Does this means that "something" (Nippy ?) converts object arrays into double arrays or the other way arround? Or are we still see a "rendering" issue in Clerk ? It goes away when cleaning caches (but comes back on next JVM restart)

mkvlr15:02:09

do you have a small repro of the above error?

Carsten Behring15:02:58

doing: 1. (clerk/show! "src/kaggle.clj") 2. JVM restart 3. (clerk/show! "src/kaggle.clj")

Carsten Behring15:02:04

should trigger it

mkvlr15:02:19

thanks, I’ll try…

mkvlr15:02:51

btw, you’re still mostly working with the file watcher, right?

mkvlr15:02:29

can highly recommend trying with a hotkey for clerk/show! https://github.com/nextjournal/clerk#editor-workflow

Carsten Behring15:02:57

Regarding "configurable caching": I have my TMD datasets often nested inside a map. This seems to make specific caching via annotations pretty hard. Viewers are simpler, as we control well what to view, while data structures are often just big maps. An other way to say this: The caching should be IMHO completely invisible even if this means that persistent caching (across restarts) is not possible. To wonder about the viewers is quite some work already, to wonder about "how to store objects" should be avoided. (specially as I have not yet a use case for the persistence)

Carsten Behring15:02:44

No, I went to hot key in emacs. Very good, indeed ! "C-c c" does all of it:+1:

mkvlr15:02:00

> The caching should be IMHO completely invisible even if this means that persistent caching (across restarts) is not possible. that’s how it works now or am I misunderstanding?

mkvlr15:02:31

(well besides the bug you’re encountering 😹)

👍 1
mkvlr15:02:02

do you know which cell it is that causes the failure?

mkvlr16:02:07

seems to be this one (def test-data\n (load-hp-data \"test.csv.gz\"))

mkvlr16:02:59

this seems to be a more minimal repro

(ns kaggle-min
  (:require [nextjournal.clerk :as clerk]
            [tablecloth.api :as tc]))



(defn load-hp-data [file]
  (println "load a file : " file)
  (-> (tc/dataset file {:key-fn keyword})

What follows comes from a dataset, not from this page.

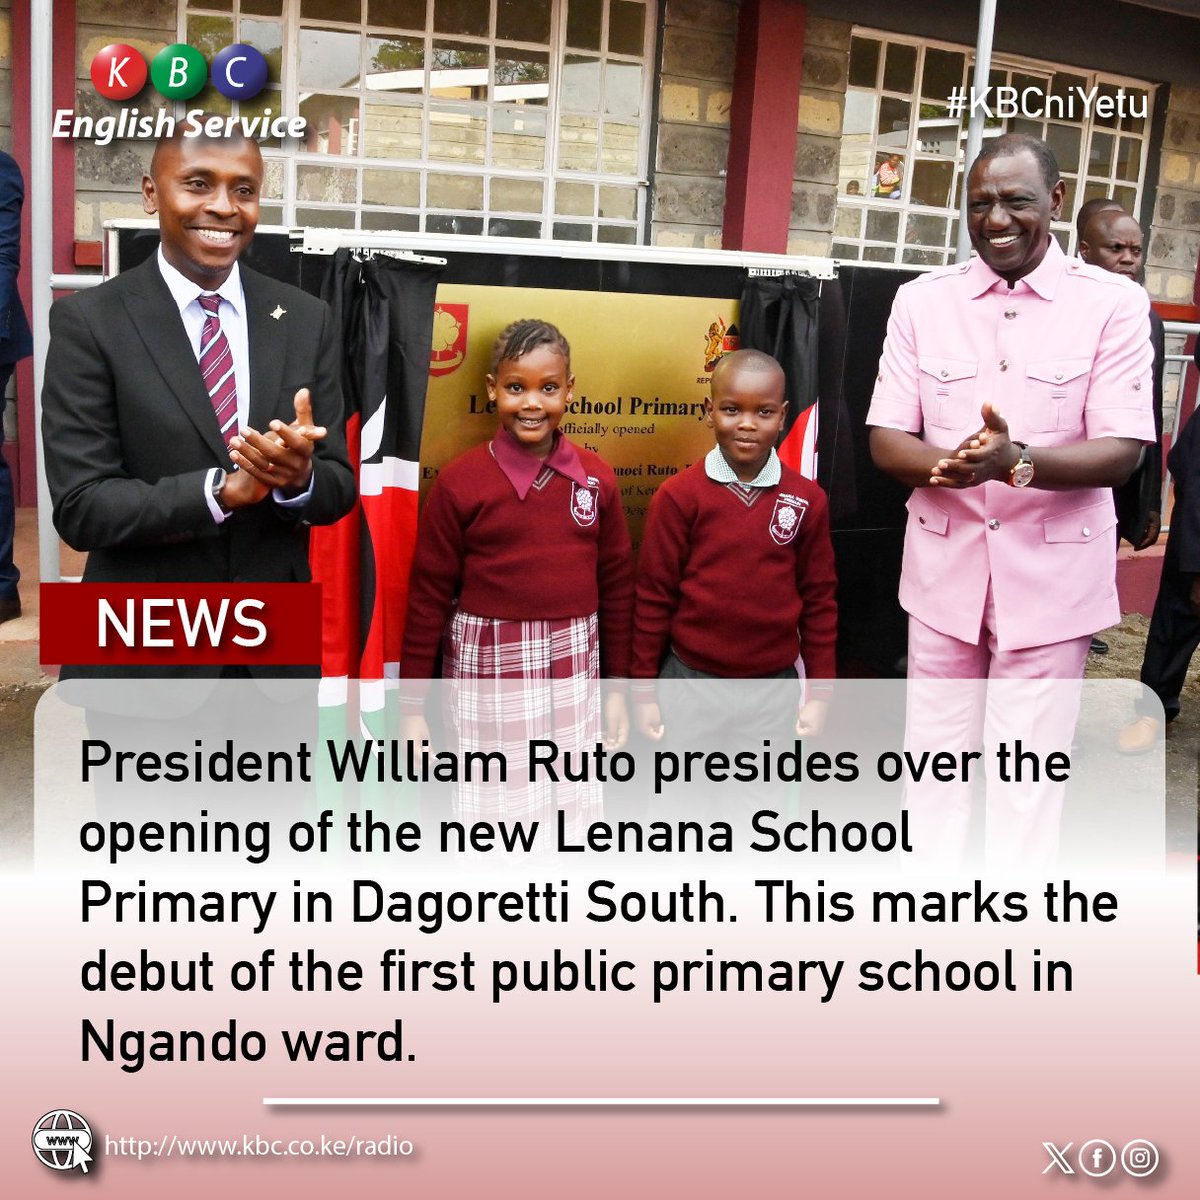 President William Ruto presides over the opening of the new Lenana School Primary in Dagoretti South. This marks the debut of the first public primary school in Ngando ward. ^PMN #KBCEnglishService

      (tc/convert-types (zipmap [:BedroomAbvGr
                                 :BsmtFullBath
                                 :BsmtHalfBath
                                 :Fireplaces
                                 :FullBath
                                 :GarageCars
                                 :HalfBath
                                 :KitchenAbvGr
                                 :OverallCond
                                 :OverallQual
                                 :MoSold
                                 :TotRmsAbvGrd
                                 :MSSubClass]
                                (repeat :string)))))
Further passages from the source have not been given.